Megan shrugged, raising her eyebrows in Jason’s quizzical quirk as Penny hastily withdrew.
* * * *
Jason stood at the drawing-room window, gazing out at the roses glowing in the westering sun. Behind him his mother and Angus Knox were talking. Occasional phrases reached him.
Apparently Lady Kilmore considered herself responsible for the health and welfare of not only Newkirk’s inhabitants but those of several nearby farms and hamlets. He hadn’t realized. How little he knew! Money alone would not suffice to bring his estate into order; first he must learn. The task seemed overwhelming.

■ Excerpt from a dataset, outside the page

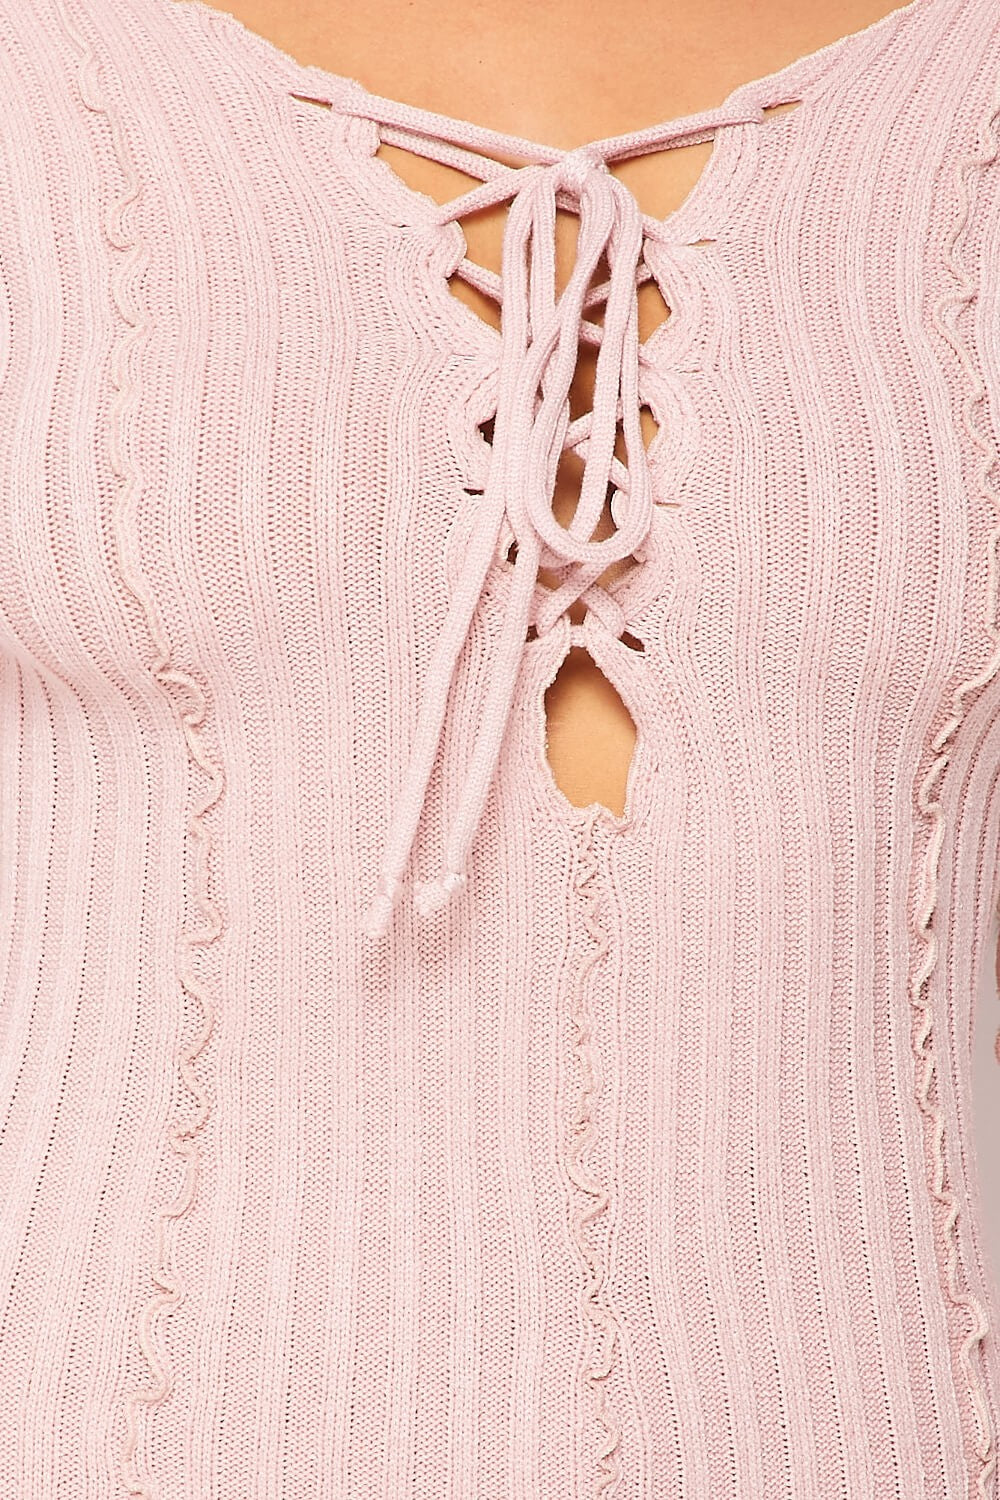 Pretty Details Lace-Up Neckline Dress

Hearing the door open, he glanced round as Thea entered the room. Penny followed. His movement let a sunbeam stream over his shoulder to shine on her and, blinking against the sudden light, she paused just inside the door. In the drab room, she glowed like the roses outside, like a richly shimmering copper-coloured rose. An ache of yearning seized him, to breathe in the sweet scent of her.
He closed his eyes and swallowed, harshly quelling the ache, but he could not stop himself moving towards her. Her words broke the spell—deliberately?
“Henrietta will be down soon.” Her smile was uncertain. “We left her in Megan’s capable hands.”
Angus’s voice intruded. “Penelope, her ladyship has a patient with symptoms not unlike those of your aunt. Will you give her the benefit of your observations?”